■ **EXERCISE INSTRUCTIONS**:
Nothing but the lines from the one containing "3. Understanding the Casino Games" through the last line of the records below should be written out, each exactly as it stands.

■ **Dataset entries**:
↓↓↓
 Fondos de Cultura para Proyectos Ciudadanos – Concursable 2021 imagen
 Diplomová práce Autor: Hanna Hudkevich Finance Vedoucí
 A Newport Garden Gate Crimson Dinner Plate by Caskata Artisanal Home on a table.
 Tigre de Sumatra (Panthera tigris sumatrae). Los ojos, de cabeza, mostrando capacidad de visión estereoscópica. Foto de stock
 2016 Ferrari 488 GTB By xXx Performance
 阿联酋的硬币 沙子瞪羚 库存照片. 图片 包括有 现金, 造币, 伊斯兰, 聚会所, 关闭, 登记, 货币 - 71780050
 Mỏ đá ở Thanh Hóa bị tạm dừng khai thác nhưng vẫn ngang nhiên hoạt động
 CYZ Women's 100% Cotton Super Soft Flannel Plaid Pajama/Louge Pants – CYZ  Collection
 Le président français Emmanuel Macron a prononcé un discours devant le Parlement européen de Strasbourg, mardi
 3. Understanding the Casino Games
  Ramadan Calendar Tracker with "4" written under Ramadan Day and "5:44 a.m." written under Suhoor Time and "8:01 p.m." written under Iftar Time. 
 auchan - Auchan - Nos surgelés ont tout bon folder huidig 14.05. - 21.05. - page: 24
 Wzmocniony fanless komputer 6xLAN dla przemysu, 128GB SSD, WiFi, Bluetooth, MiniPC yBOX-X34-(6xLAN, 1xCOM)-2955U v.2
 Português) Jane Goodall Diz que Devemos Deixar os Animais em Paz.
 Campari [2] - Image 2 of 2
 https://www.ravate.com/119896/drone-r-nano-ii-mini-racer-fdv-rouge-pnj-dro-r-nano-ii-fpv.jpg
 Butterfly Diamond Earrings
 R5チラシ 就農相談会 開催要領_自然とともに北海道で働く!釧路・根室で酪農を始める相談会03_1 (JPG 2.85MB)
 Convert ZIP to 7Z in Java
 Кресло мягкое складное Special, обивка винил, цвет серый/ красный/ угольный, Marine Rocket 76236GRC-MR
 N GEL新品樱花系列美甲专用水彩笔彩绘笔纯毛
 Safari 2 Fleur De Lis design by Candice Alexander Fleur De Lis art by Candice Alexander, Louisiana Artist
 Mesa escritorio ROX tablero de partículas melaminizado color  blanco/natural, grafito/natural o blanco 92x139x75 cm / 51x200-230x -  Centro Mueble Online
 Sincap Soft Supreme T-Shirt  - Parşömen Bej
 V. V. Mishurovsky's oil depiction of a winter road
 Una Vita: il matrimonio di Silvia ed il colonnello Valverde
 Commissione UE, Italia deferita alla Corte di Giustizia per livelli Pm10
↑↑↑
■ **WRITTEN REPLY**:
 3. Understanding the Casino Games
  Ramadan Calendar Tracker with "4" written under Ramadan Day and "5:44 a.m." written under Suhoor Time and "8:01 p.m." written under Iftar Time. 
 auchan - Auchan - Nos surgelés ont tout bon folder huidig 14.05. - 21.05. - page: 24
 Wzmocniony fanless komputer 6xLAN dla przemysu, 128GB SSD, WiFi, Bluetooth, MiniPC yBOX-X34-(6xLAN, 1xCOM)-2955U v.2
 Português) Jane Goodall Diz que Devemos Deixar os Animais em Paz.
 Campari [2] - Image 2 of 2
 https://www.ravate.com/119896/drone-r-nano-ii-mini-racer-fdv-rouge-pnj-dro-r-nano-ii-fpv.jpg
 Butterfly Diamond Earrings
 R5チラシ 就農相談会 開催要領_自然とともに北海道で働く!釧路・根室で酪農を始める相談会03_1 (JPG 2.85MB)
 Convert ZIP to 7Z in Java
 Кресло мягкое складное Special, обивка винил, цвет серый/ красный/ угольный, Marine Rocket 76236GRC-MR
 N GEL新品樱花系列美甲专用水彩笔彩绘笔纯毛
 Safari 2 Fleur De Lis design by Candice Alexander Fleur De Lis art by Candice Alexander, Louisiana Artist
 Mesa escritorio ROX tablero de partículas melaminizado color  blanco/natural, grafito/natural o blanco 92x139x75 cm / 51x200-230x -  Centro Mueble Online
 Sincap Soft Supreme T-Shirt  - Parşömen Bej
 V. V. Mishurovsky's oil depiction of a winter road
 Una Vita: il matrimonio di Silvia ed il colonnello Valverde
 Commissione UE, Italia deferita alla Corte di Giustizia per livelli Pm10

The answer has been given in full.